DMF_NOFLUSH_SUSPENDING
----------------------
If the DM_NOFLUSH_FLAG ioctl option is specified at suspend time, the
DMF_NOFLUSH_SUSPENDING flag is set in md->flags during dm_suspend(). It
is always cleared before dm_suspend() returns.
The flag must be visible while the target is flushing pending I/Os so it
is set before presuspend where the flush starts and unset after the wait
for md->pending where the flush ends.
Target drivers can check this flag by calling dm_noflush_suspending().
DM_MAPIO_REQUEUE / DM_ENDIO_REQUEUE
-----------------------------------
A target's map() function can now return DM_MAPIO_REQUEUE to request the
device mapper core queue the bio.
Similarly, a target's end_io() function can return DM_ENDIO_REQUEUE to request
the same. This has been labelled 'pushback'.
The __map_bio() and clone_endio() functions in the core treat these return
values as errors and call dec_pending() to end the I/O.
dec_pending
-----------
dec_pending() saves the pushback request in struct dm_io->error. Once all
the split clones have ended, dec_pending() will put the original bio on
the md->pushback list. Note that this supercedes any I/O errors.
It is possible for the suspend with DM_NOFLUSH_FLAG to be aborted while
in progress (e.g. by user interrupt). dec_pending() checks for this and
returns -EIO if it happened.
pushdback list and pushback_lock
--------------------------------
The bio is queued on md->pushback temporarily in dec_pending(), and after
all pending I/Os return, md->pushback is merged into md->deferred in
dm_suspend() for re-issuing at resume time.

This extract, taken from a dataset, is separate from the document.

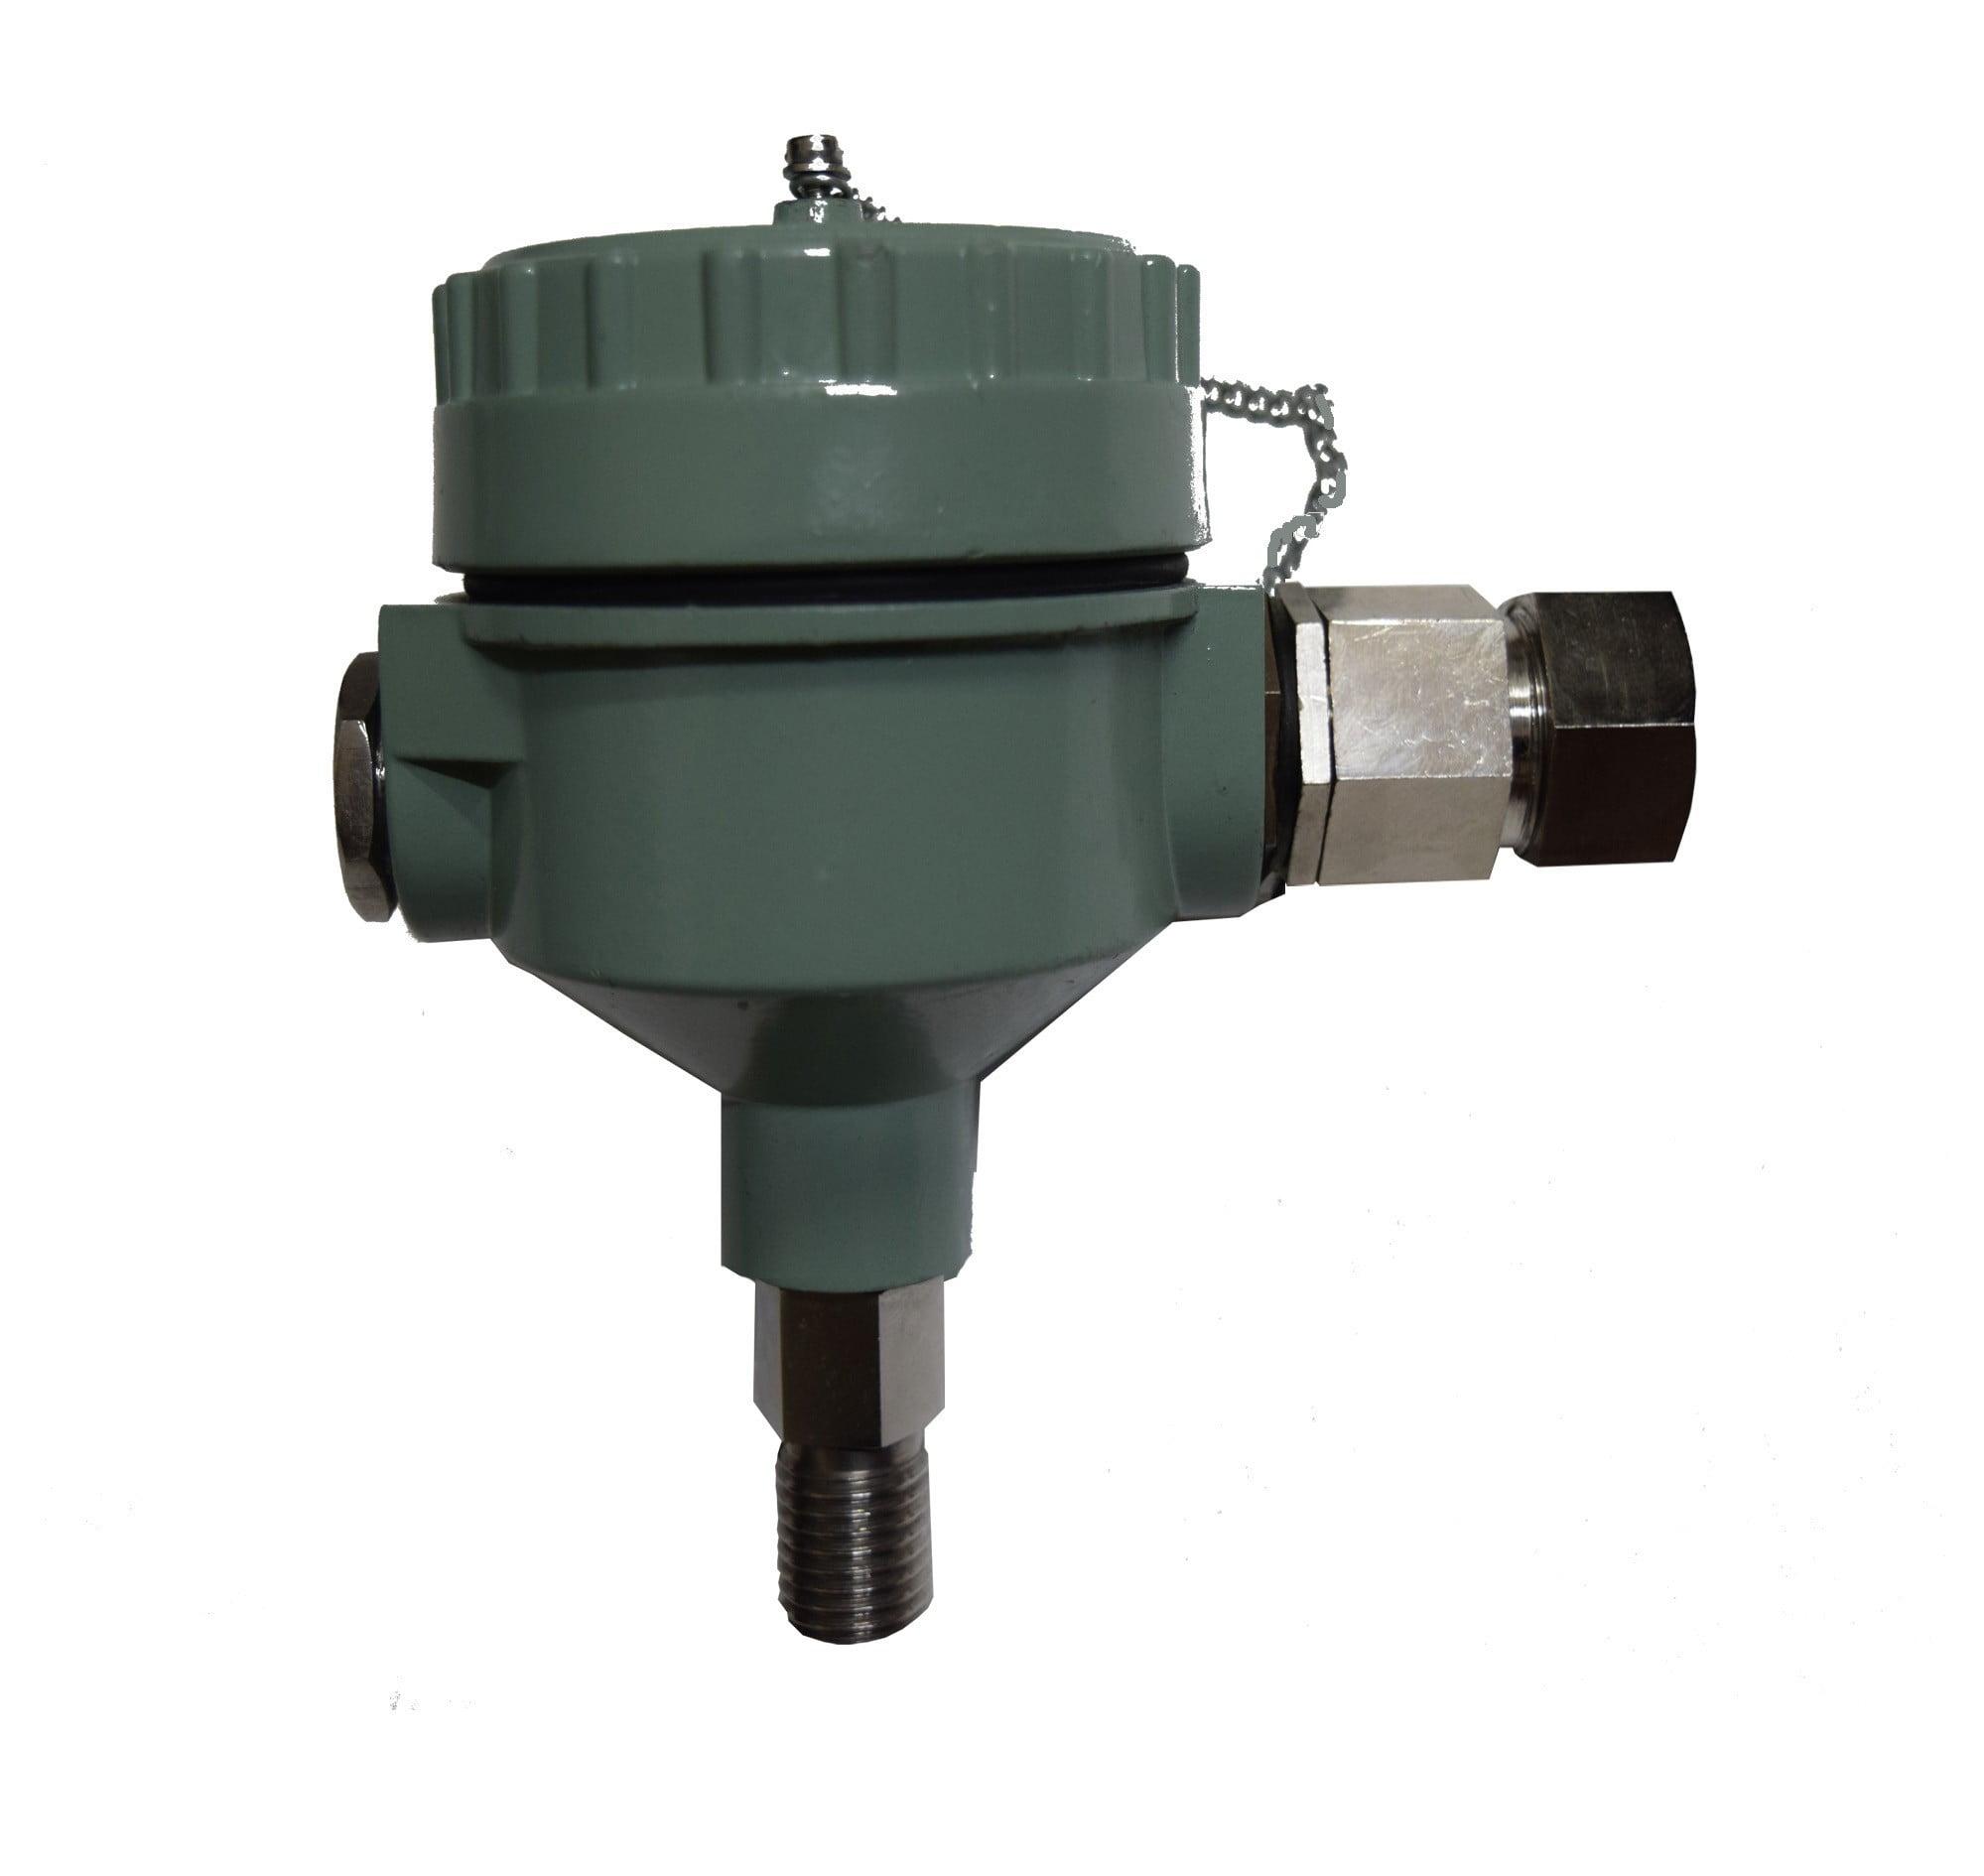 Ace instruements,Flameproof Pressure Transmitter,Pressure Transmitter,Flameproof Pressure Transmitter,Vacuum transmitter, transmitter, flame proof pressure transmitter, pressure transducer, pressure sensor

md->pushback_lock protects md->pushback.
The lock should be held with irq disabled because dec_pending() can be
called from interrupt context.
Queueing bios to md->pushback in dec_pending() must be done atomically
with the check for DMF_NOFLUSH_SUSPENDING flag. So md->pushback_lock is
held when checking the flag. Otherwise dec_pending() may queue a bio to
md->pushback after the interrupted dm_suspend() flushes md->pushback.
Then the bio would be left in md->pushback.
Flag setting in dm_suspend() can be done without md->pushback_lock because
the flag is checked only after presuspend and the set value is already
made visible via the target's presuspend function.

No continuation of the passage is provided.